An ion trap is composed of a ring electrode and two end-cap electrodes (Fig. 3). Initially, the field within the trap is such that all ions that enter the analyzer begin a stable oscillation within the analyzer and are “trapped.” The rf frequencies of the fields are then ramped up to eject ions of increasing m/z. The ions travel to the detector and, based on the frequency being used at the time of detection, the m/z of the ion can be calculated. An ion trap has high sensitivity and transmission but also a limited mass range and lower resolution compared with the TOF analyzer .

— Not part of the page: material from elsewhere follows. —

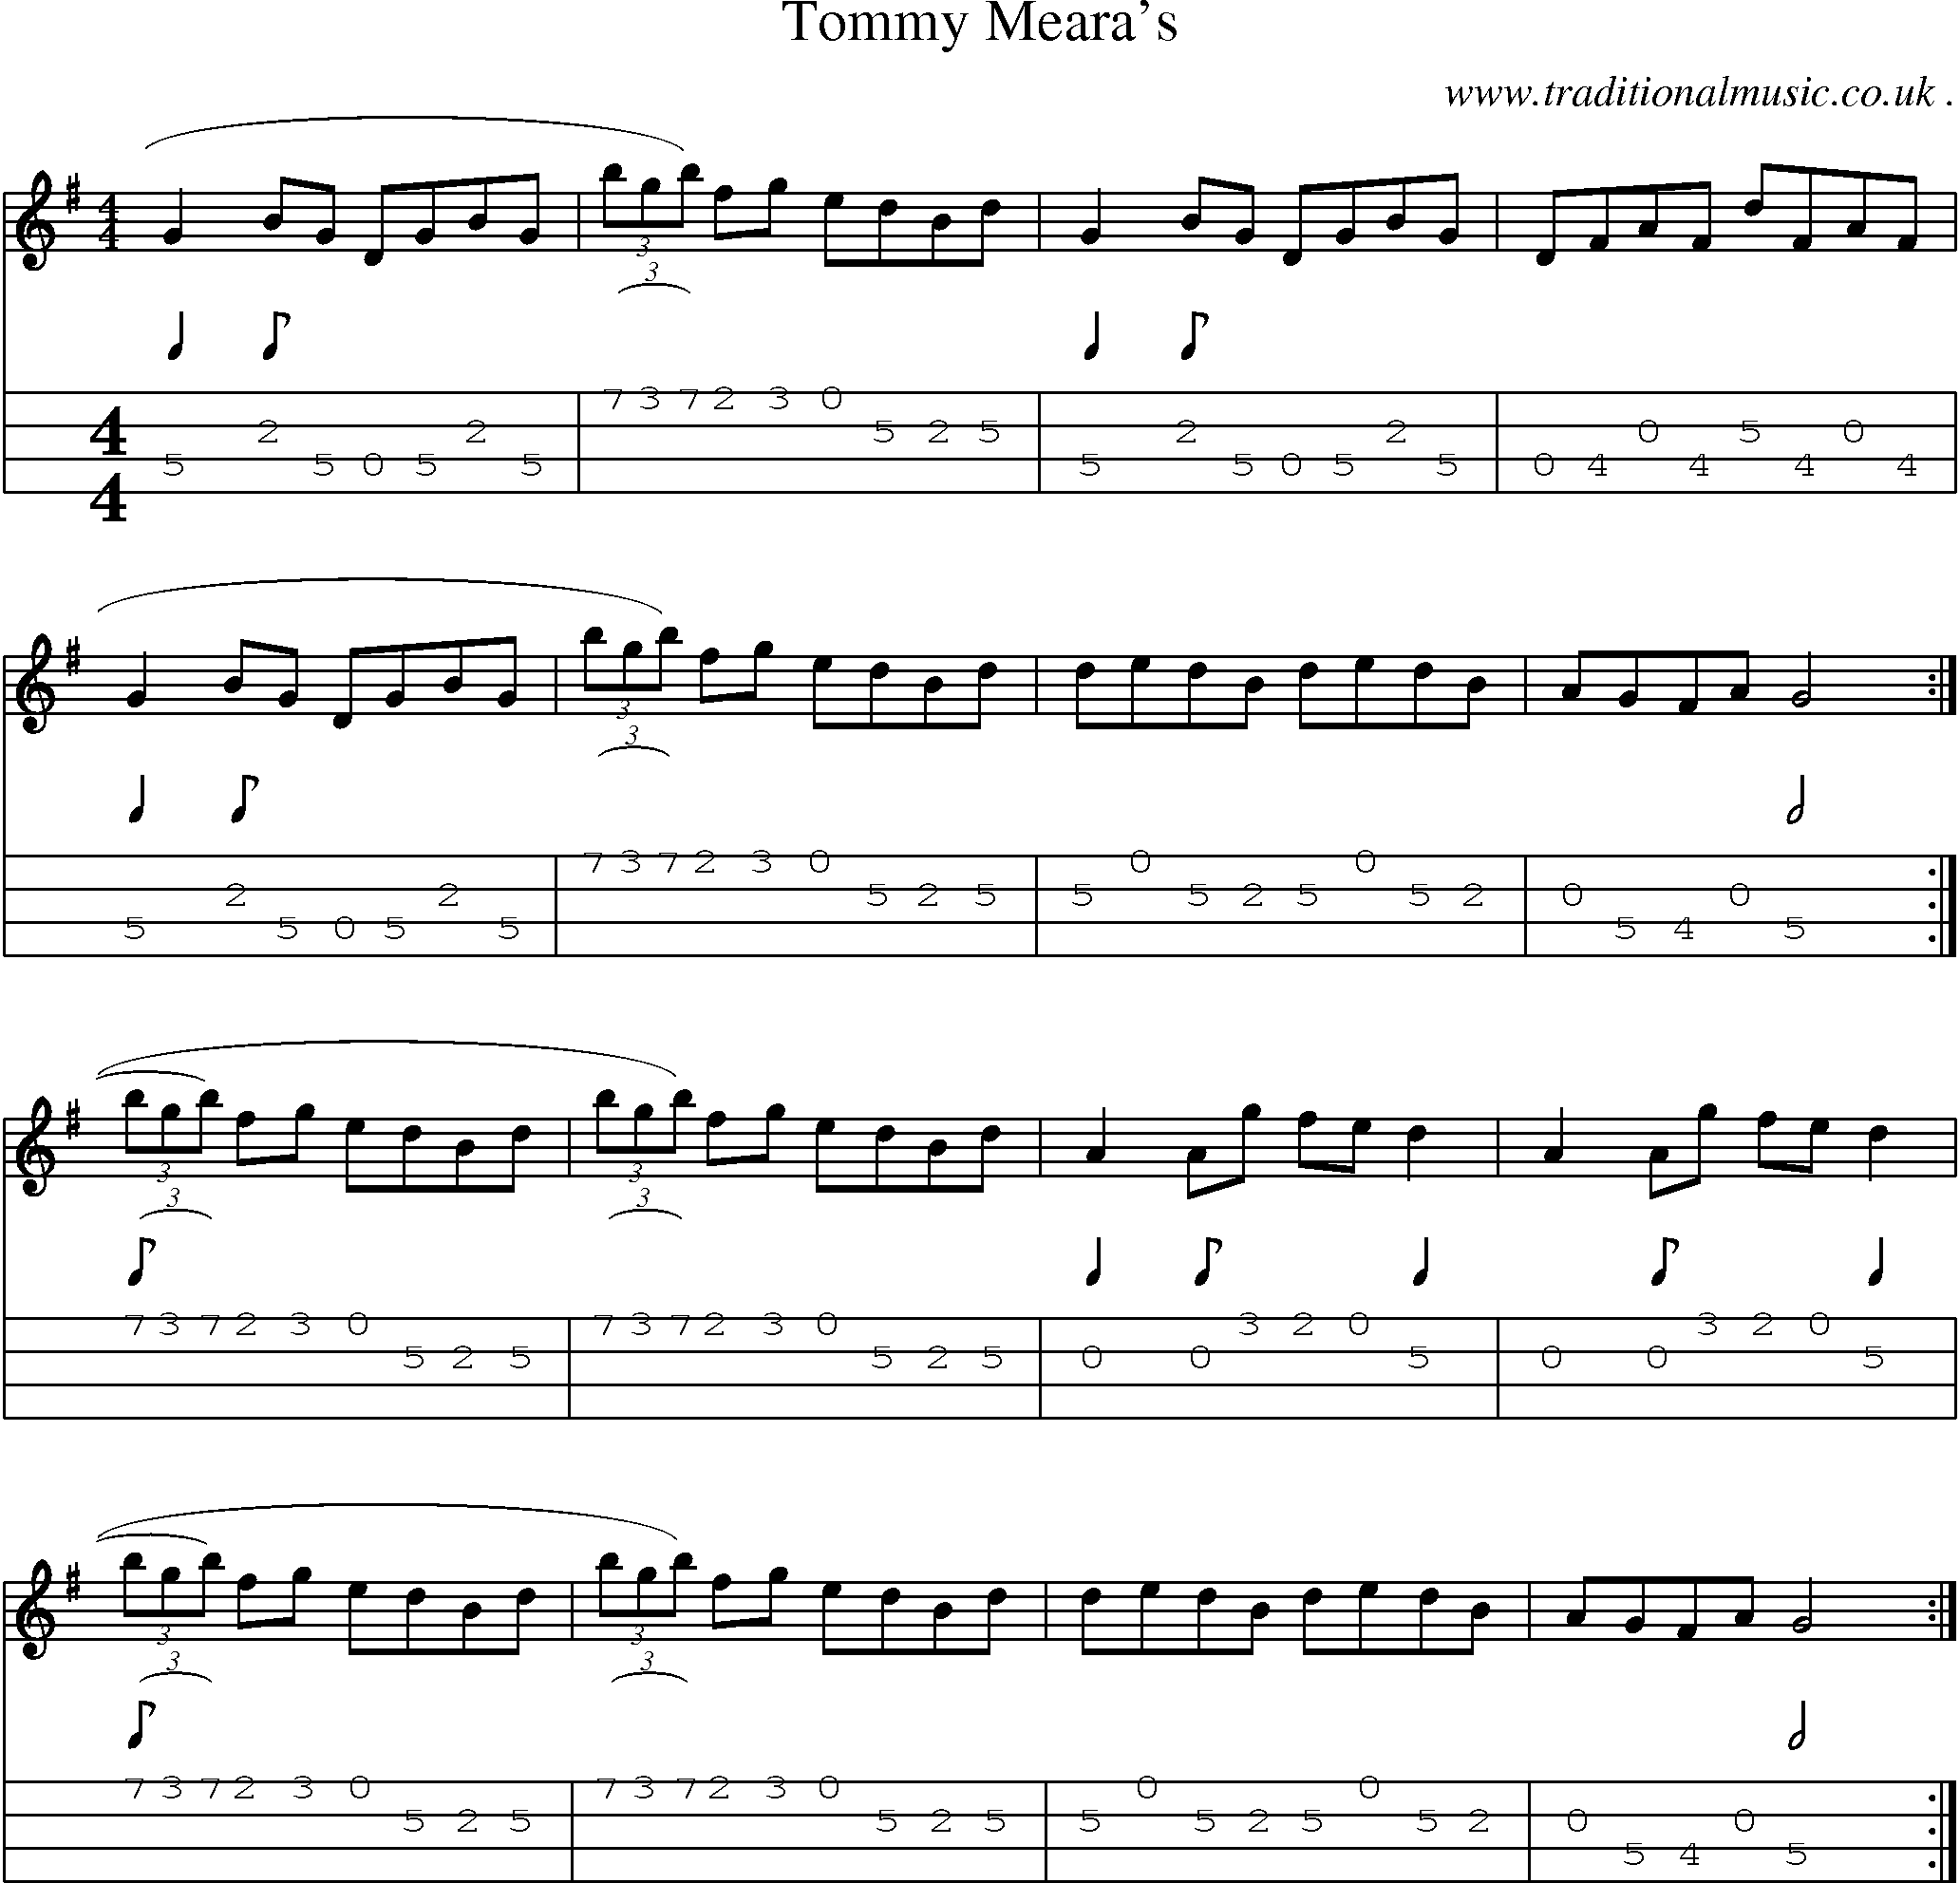 Sheet-Music and Mandolin Tabs for Tommy Mearas

Ion Detection/Collection Systems—
The original mass spectrometers used photolithic plates as detectors. However, the design of Nier in 1947 initiated the use of electronic detectors (hence the term mass “spectrometry” instead of “spectroscopy”) . For isotope ratio measurements and some inorganic MS, Faraday cup collectors are used as the detector. Otherwise, the most commonly used detectors are the electron multiplier and the microchannel plate . In both of these detectors, ions strike a metal plate, leading to a cascade of electron emissions that result in a measurable current .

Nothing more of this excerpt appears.